Донец, лежа у пулемета, основательно продрог, и я сменил его. Теперь он, по моему примеру, сто раз присел, чуть пригнувшись, чтобы не стукнуться головой о крышу, немного походил, размялся. А потом, поставив коробку для пулеметных дисков торцевой стороной, он сел на нее и, сняв варежки, стал хукать в руки.
— Я вот что тебе еще скажу: мысли и слова мои лучше всего время проверит. Вот если бы сейчас кто-нибудь взял и записал все, что я говорю, а потом, после войны, когда придет победа — повторяю, в победу я верю, но праздновать ее будут без нас с тобой, — чтобы прочитали эти мои слова. Наверняка сказали бы: из Головковки, что на речке Бешке, было два юных пулеметчика — из них, Иван Братченко, был первым номером, а вторым номером у него — Степан Донец. Так вот, этот самый Степан — кудесник и пророк: через толщу времени он безошибочно видел будущее, предсказывал судьбу.
— Никогда не думал, что вторым номером у меня кудесник и пророк… Но дело не в этих твоих сомнительных качествах. Дело в другом. Если говорить вкратце, то в том, чтобы не думать о своей смерти, а жить другими мыслями. Например, как нам еще сильнее бить фашистов… Короче — думать о смерти врага. Тогда наверняка успехи наши будут большими, а смерть стороной обойдет. Вот в чем суть!
* * *
Уже стемнело, а мы все говорим и говорим. Забыли даже о еде, о том, что есть где-то кухни, что сейчас вершиной блаженства было бы глотнуть хоть чего-нибудь горяченького, хотя бы постного супчика-пюре горохового или кипятка… Тем более что утром, до начала боя, позавтракать мы не успели, а во время боя никто даже не думал об этом — не до того было! И вот уже вечер, надо бы поужинать… Но никто к нам не идет, никто не подменяет.
Степан подготовился было и ночь здесь коротать. Чтобы не греть своими боками холодные доски чердака, он, когда стемнело, принес из сарая охапку сена, расстелил его, и мы легли. Сено приятно пахло. Так пахло, что кружилась голова! А может быть, она кружилась от усталости, от того, что мы и не спали и не ели?
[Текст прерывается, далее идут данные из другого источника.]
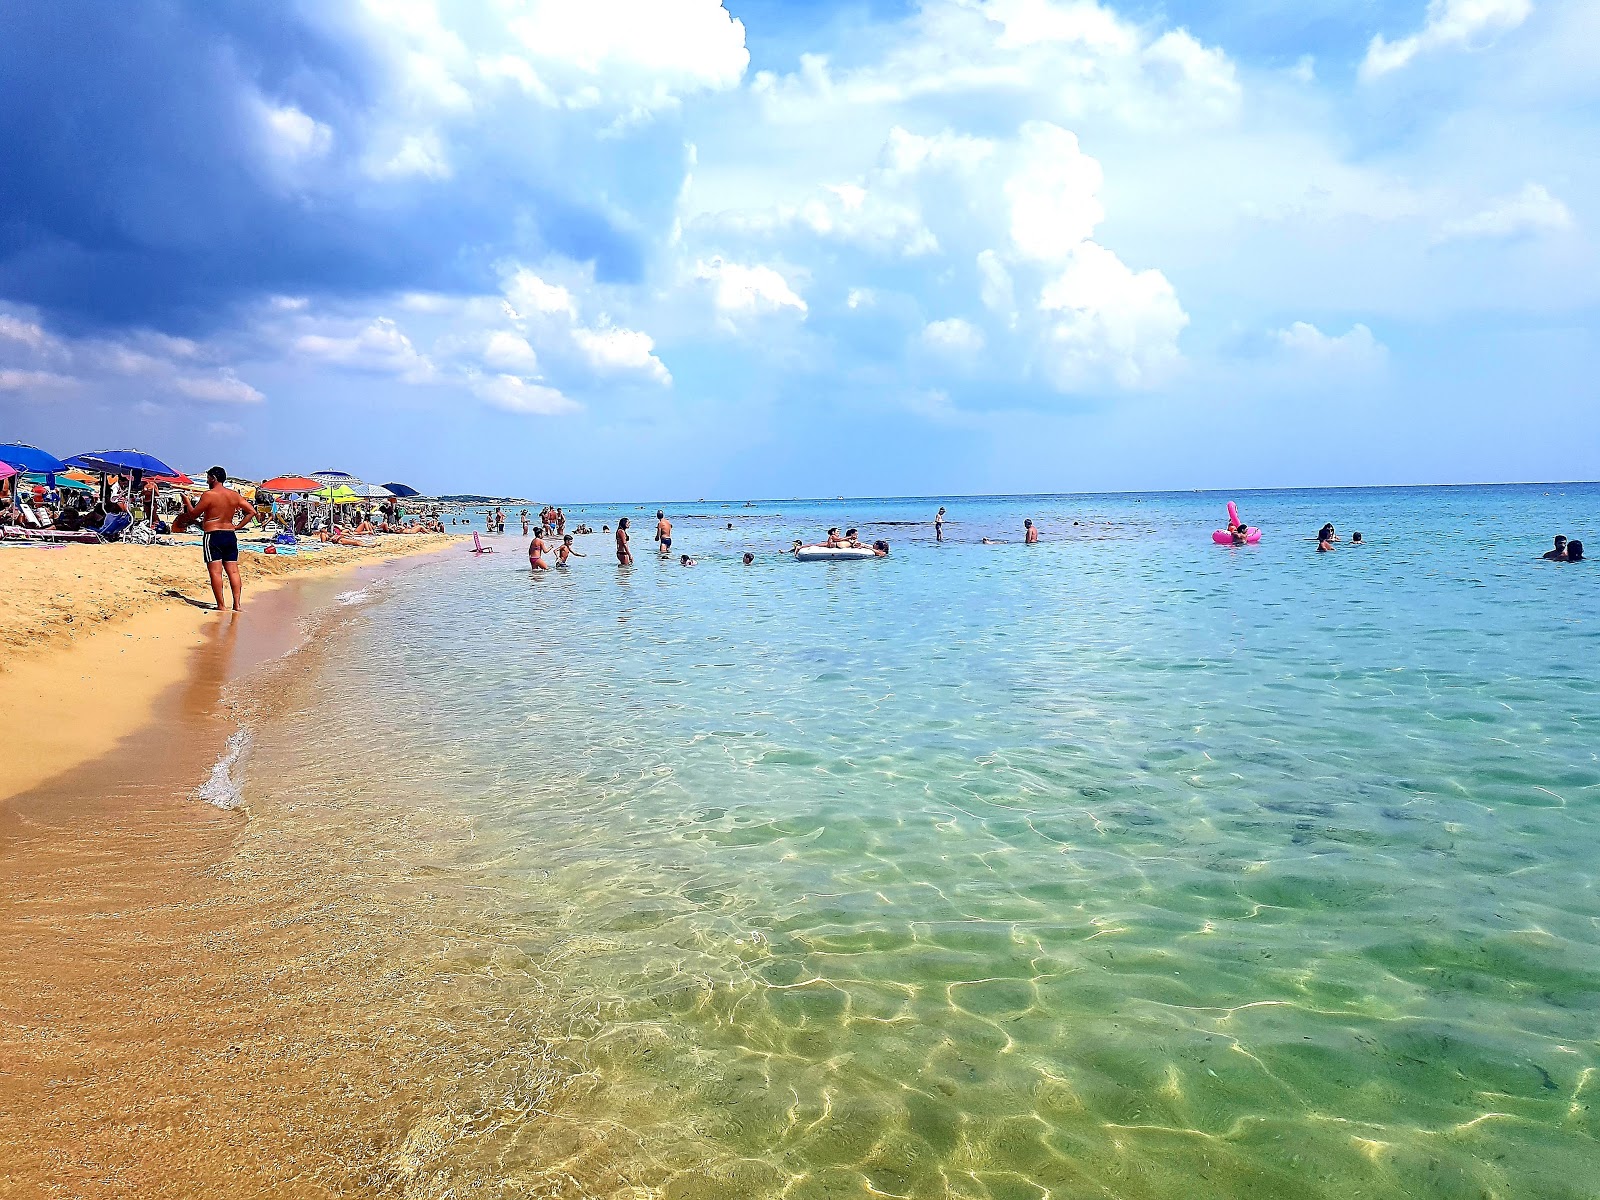 Photo of Spiaggia Di Campomarino with bright sand surface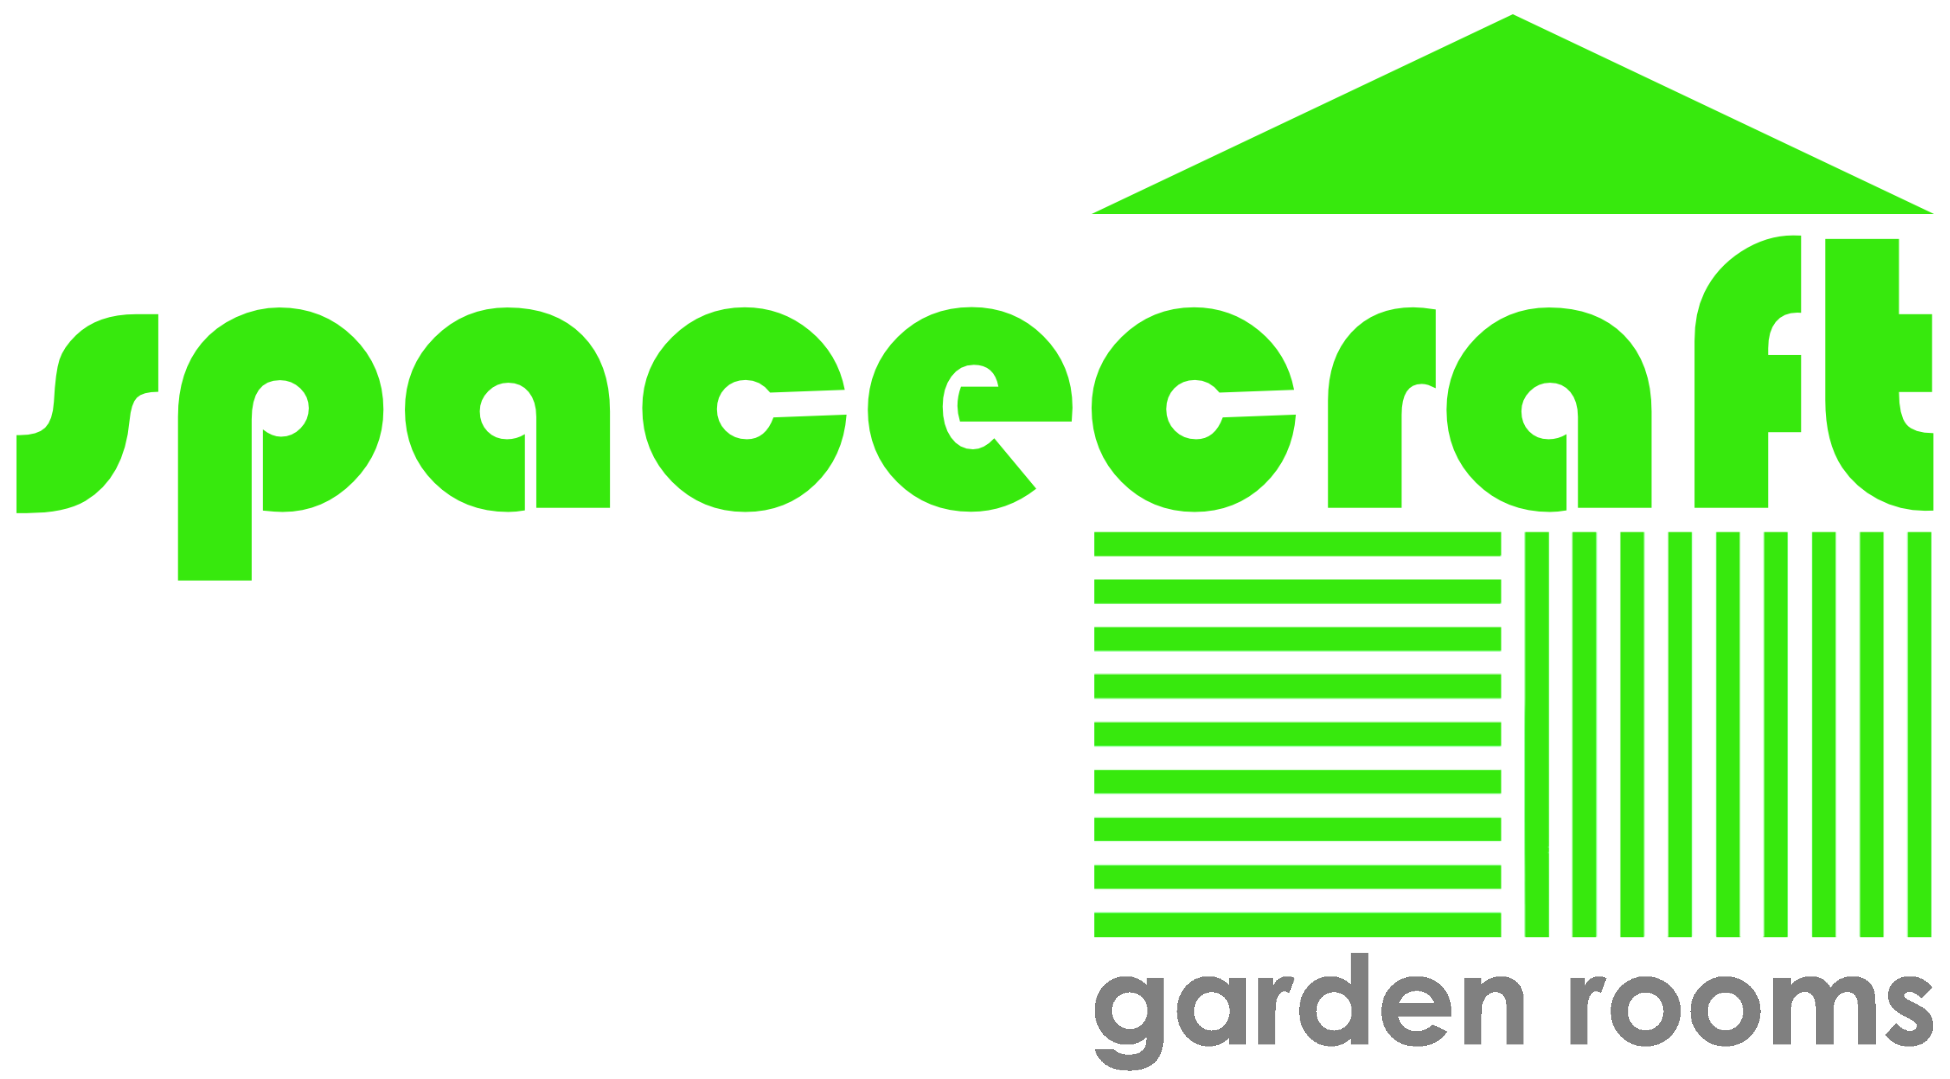 Spacecraft Garden Rooms Ltd

Все же нам не пришлось ночевать на чердаке. Когда уже все окуталось плотными сумерками, мы услышали на улице деревни оживленные разговоры. Кто-то командовал: раз-два, взяли… Кто-то ругался… Донец быстро слез вниз и вышел на улицу. А через несколько минут снова поднялся ко мне и с радостью сообщил: мы получили солидное подкрепление — две пушки-сорокапятки, или пистолеты на колесах, как их называли на войне.
— Теперь по-настоящему дадим фрицу прикурить пусть только сунет нос, — сказал Степан. И добавил: — Как ты считаешь, может быть, мне стоит сходить в положение роты? Надо же хоть раз в сутки чего-нибудь перехватить!
Я согласился. Степан взял мой и свой, пробитый пулей у самой дужки котелок, винтовку и спустился вниз. В сенцах он встретился с бойцом нашего взвода, который пришел с распоряжением оставить дом и прибыть в роту.